Notably, the CFTC recently issued a Request for Input “in order to better inform the [CFTC’s] understanding of the technology, mechanics and markets for virtual currencies beyond Bitcoin, namely here Ether and its use on the Ethereum Network.”[8] The CFTC’s focus on Ethereum suggests that the CFTC may, in time, provide clarity regarding the question of allocation of liability, given that Ethereum, unlike the Bitcoin blockchain (on which the CFTC seems to have been most focused to date), is a programmable ledger. Until that time, however, DLT innovators, especially in the smart contracts space, may continue to be confronted with uncertainty regarding potential liability under the CEA.

[1] The CFTC’s efforts in this respect include, among other things, bringing various enforcement actions in connection with virtual currency-related transactions, issuing a proposed rule regarding the meaning of actual delivery within the context of retail commodity transactions in virtual currency, and issuing “primers” regarding virtual currency-related and smart contract-related issues.

[2] More fundamentally, the CFTC generally regulates derivative contracts in any “commodity,” as defined under the CEA, and the CFTC has stated in various pronouncements that Bitcoin and other virtual currencies constitute commodities. See, e.g., In re Coinflip, Inc., CFTC Docket No. 15-29, at 3 (Sept. 17, 2015).
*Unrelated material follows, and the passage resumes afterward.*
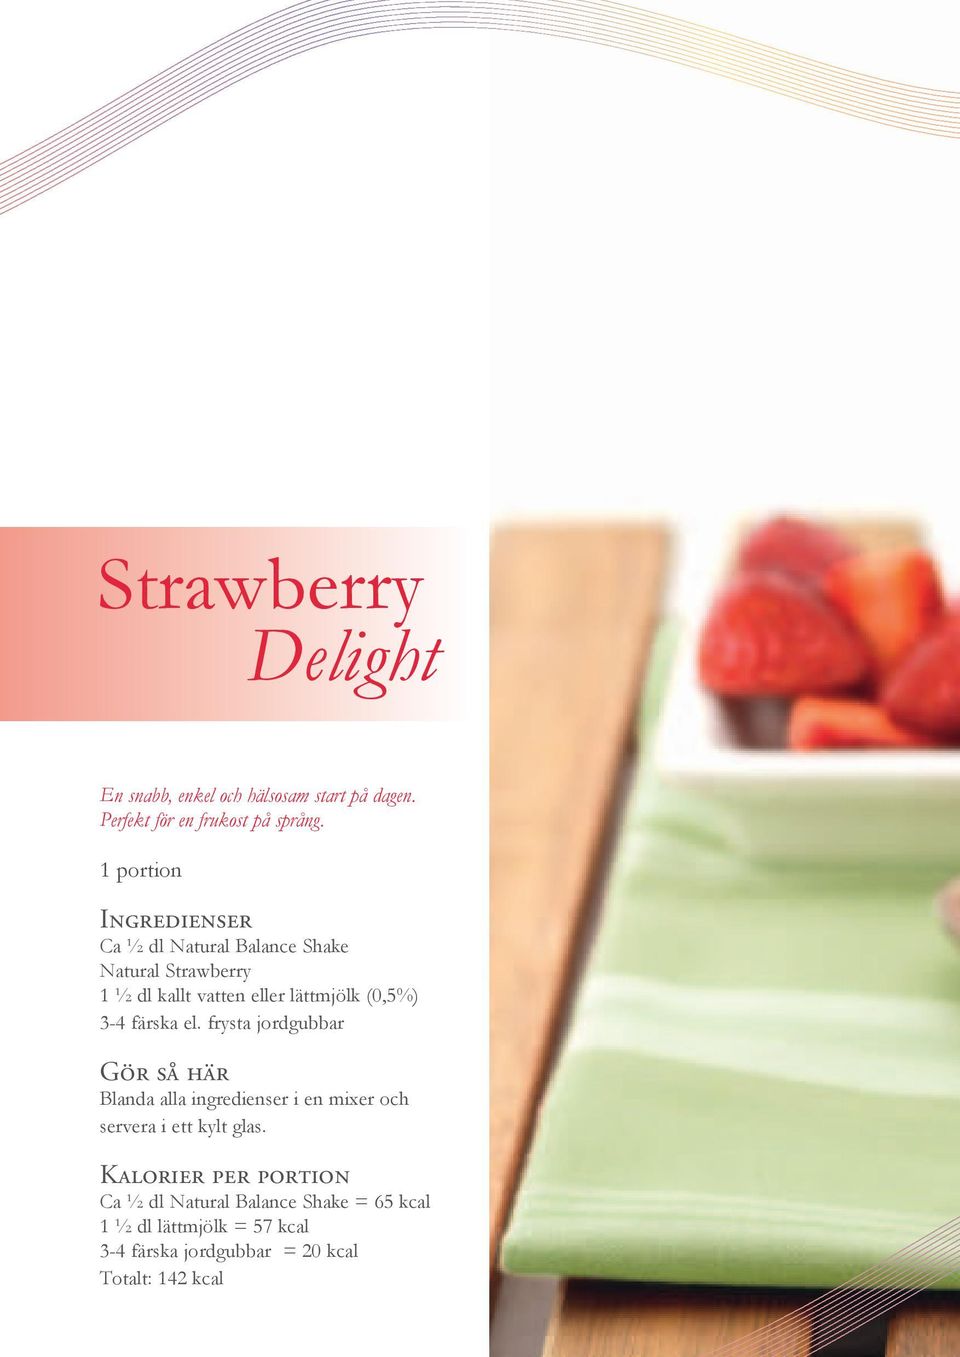 Natural Strawberry 1 ½ dl kallt vatten eller lättmjölk (0,5%) 3-4 färska el.

[3] A Primer on Smart Contracts, CFTC (November 27, 2018) (available at:

[4] The CFTC has yet to bring any enforcement action in connection with smart contracts or other DLT applications that might illuminate the question of allocation of liability. Rather, virtual currency-related CFTC enforcement actions have focused on CEA violations such as the following: operating a Bitcoin options trading platform without registering as a swap execution facility (SEF) or designated contract market; a registered SEF platform failing to enforce prohibitions on wash trading and prearranged trading in connection with Bitcoin non-deliverable forward contracts; offering illegal off-exchange financed retail commodity transactions in Bitcoin and other virtual currencies; fraud and misappropriation in connection with solicited virtual currency-related investments and virtual currency-related derivatives; and ponzi schemes involving virtual currencies and virtual currency derivatives.

[5] Remarks of Commissioner Brian Quintenz at the 38th Annual GITEX Technology Week Conference (October 16, 2018) (available at: (emphasis added and footnotes omitted).

[6] How the CFTC Can Take a Pro-Innovation Posture While Maintaining Orderly Markets, Coindesk (February 12, 2019) (available at:

[7] Id.

[8] Request for Input on Crypto-Asset Mechanics and Markets, 83 Fed. Reg. 64563 (December 17, 2018).